BFH - Urteil vom 21.11.2013
V R 21/12
Normen:
MwStSystRL Art. 205; UStG § 13c; AO § 251 Abs. 2 Satz 1, Abs. 3 ; InsO § 87; InsO § 178; InsO § 179; InsO § 185;
Vorinstanzen:
FG Düsseldorf, vom 06.06.2012 - Vorinstanzaktenzeichen 5 K 2914/11

BFH, Urteil vom 21.11.2013 - Aktenzeichen V R 21/12

DRsp Nr. 2014/3948

Haftung der Bank für seitens der Insolvenzschuldnerin nicht abgeführte Umsatzsteuer

1. Die von § 13c UStG vorausgesetzte Steuerfestsetzung kann sich aus einem Umsatzsteuer-Vorauszahlungsbescheid ergeben.
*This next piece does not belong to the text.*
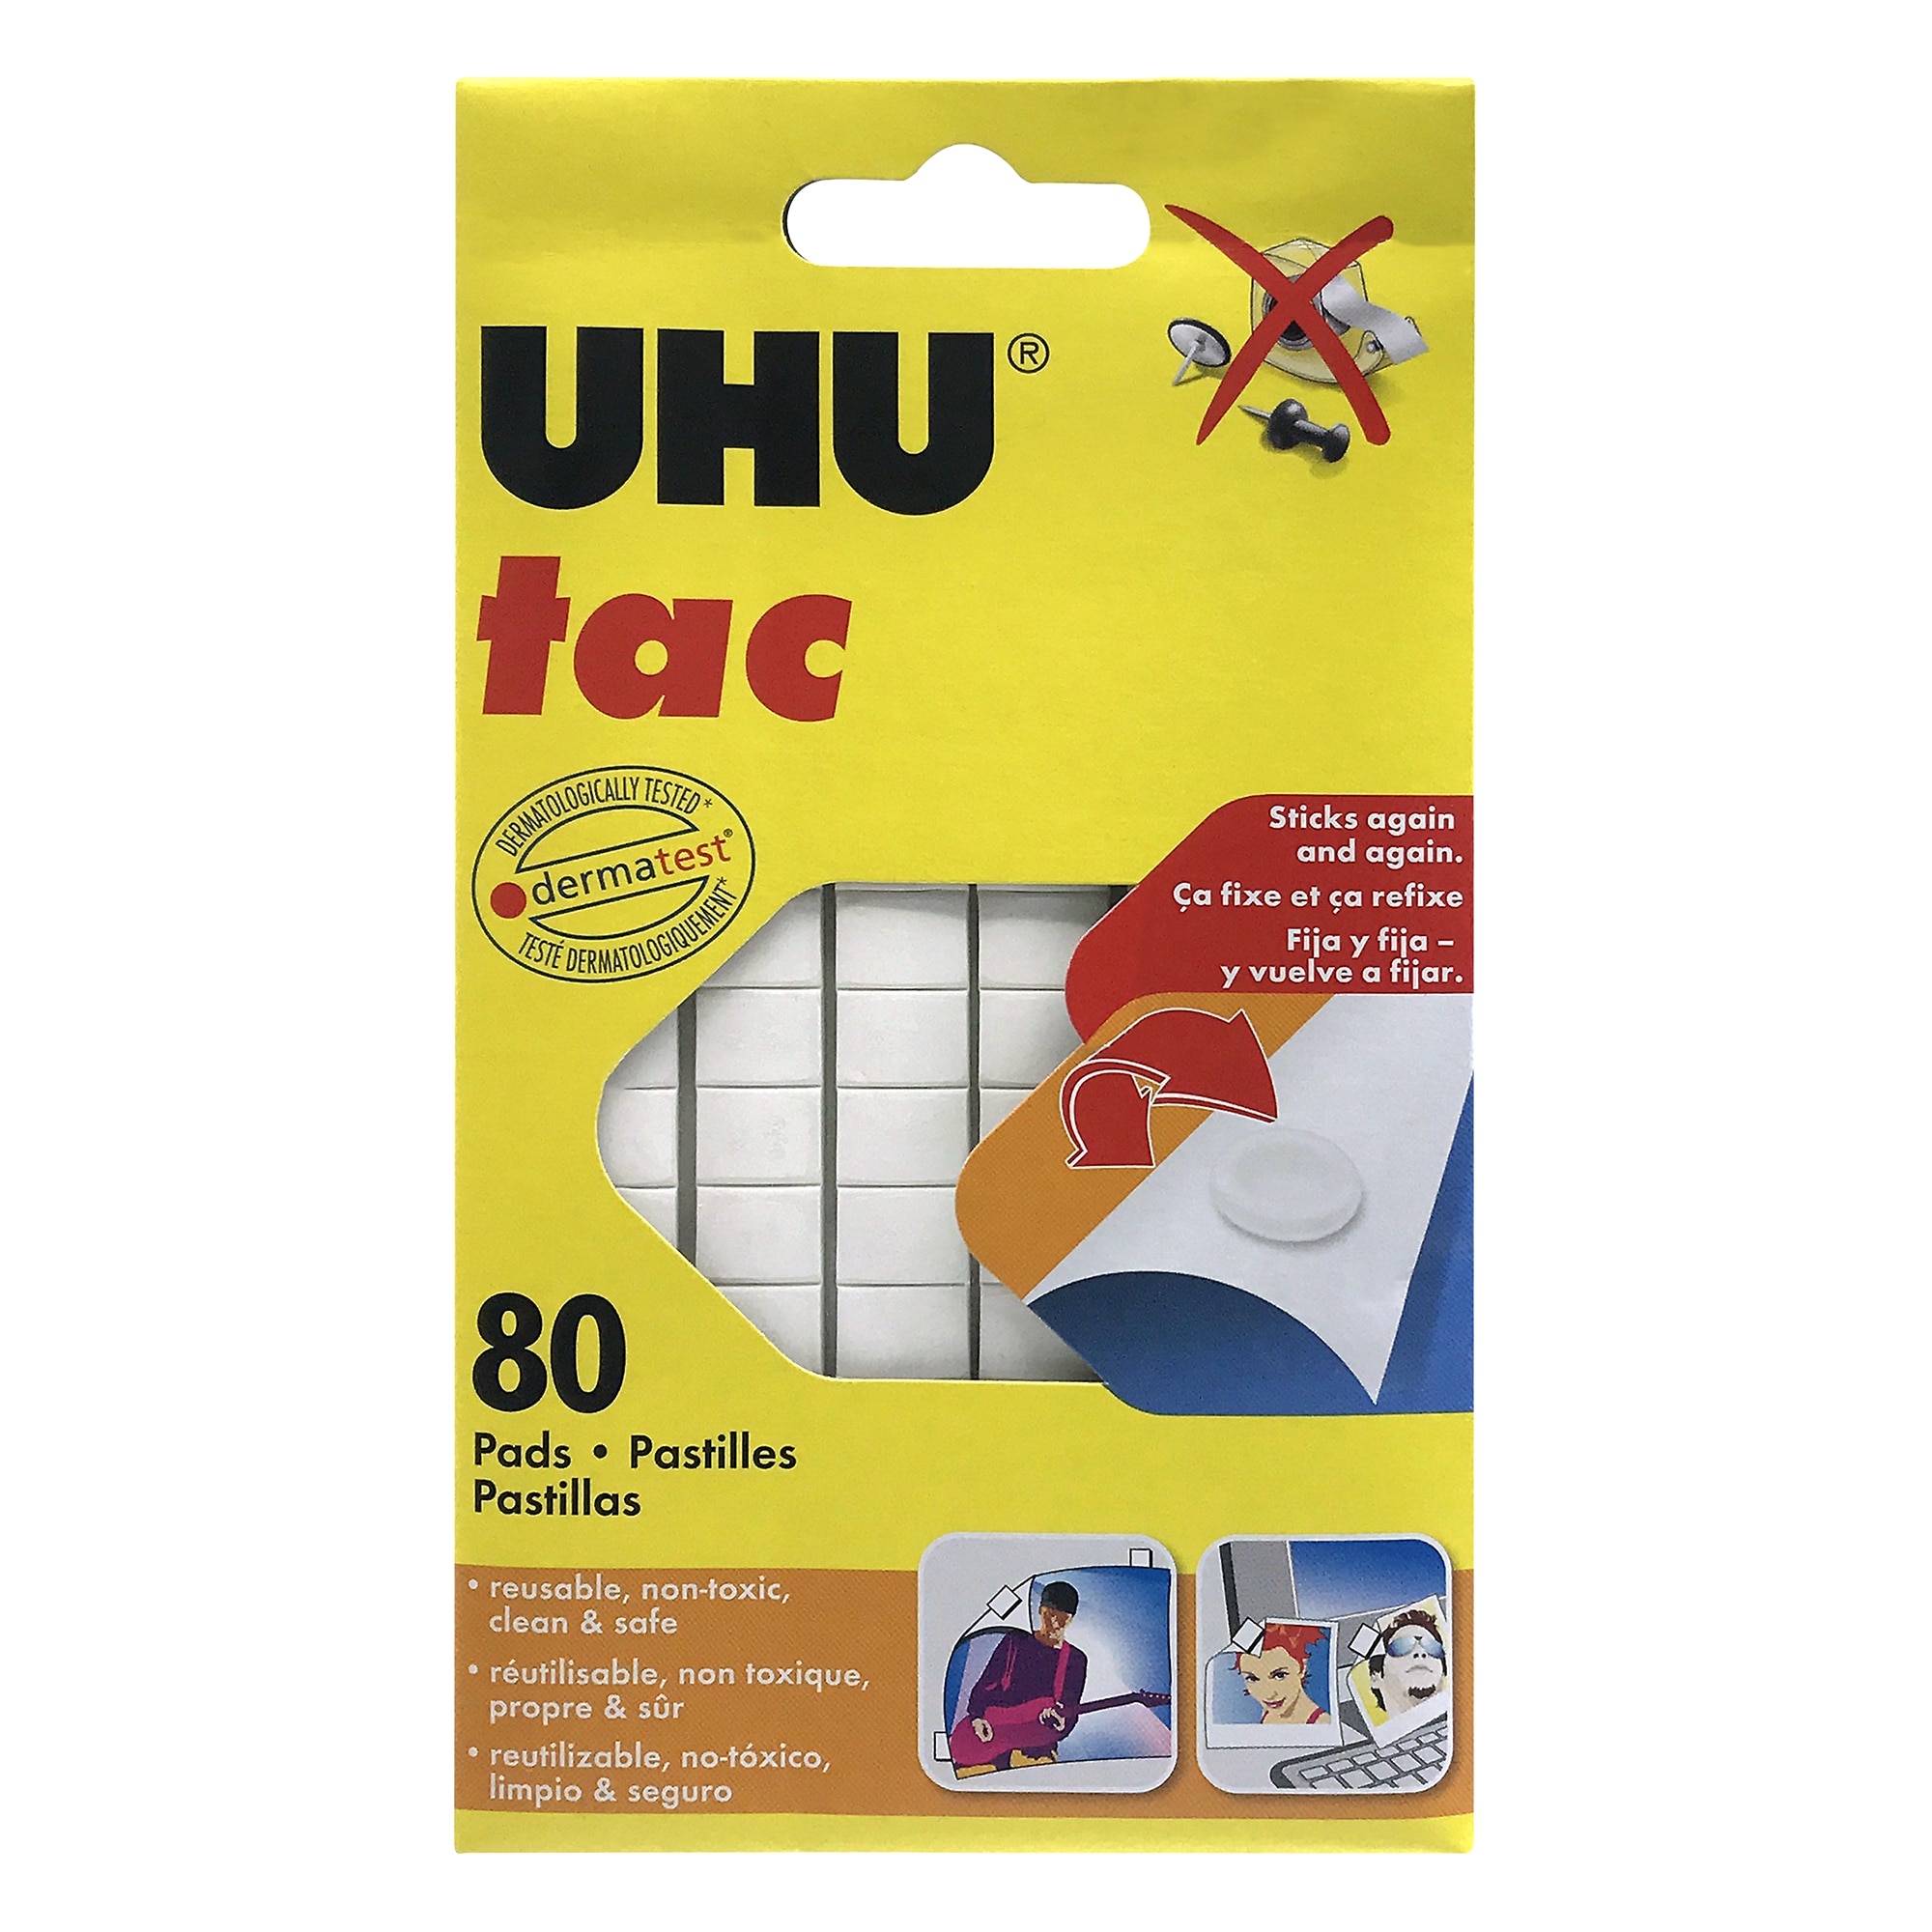 Uhu Tac Removable Adhesive

Dieser erledigt sich durch den Umsatzsteuerjahresbescheid, so dass sich die Höhe der festgesetzten und bei Fälligkeit nicht entrichteten Steuer nach dem Jahresbescheid bestimmt.2. Können Steuerbescheide aufgrund der Insolvenzeröffnung über das Vermögen des Zedenten nach § 251 Abs. 2 Satz 1 AO i.V.m. § 87InsO nicht mehr ergehen, erledigt sich der Vorauszahlungsbescheid durch die Eintragung in die Insolvenztabelle (§ 178 Abs. 3InsO) oder der im Fall des Bestreitens durch den gemäß § 185InsO i.V.m. § 251 Abs. 3 AO zu erlassenden Feststellungsbescheid.

Normenkette:

MwStSystRL Art. 205; UStG § 13c; AO § 251 Abs. 2 Satz 1, Abs. 3 ; InsO § 87; InsO § 178; InsO § 179; InsO § 185;

Gründe

I.

Die Klägerin und Revisionsklägerin (Klägerin), eine Sparkasse, vergab im Zusammenhang mit einem Kontokorrentverhältnis ein Darlehen an eine GmbH. Die GmbH musste ihren Geschäftsbetrieb aufgeben und veräußerte Anfang 2010 ihren Fuhrpark zu einem Kaufpreis von 980.000 € zzgl. 186.200 € Umsatzsteuer.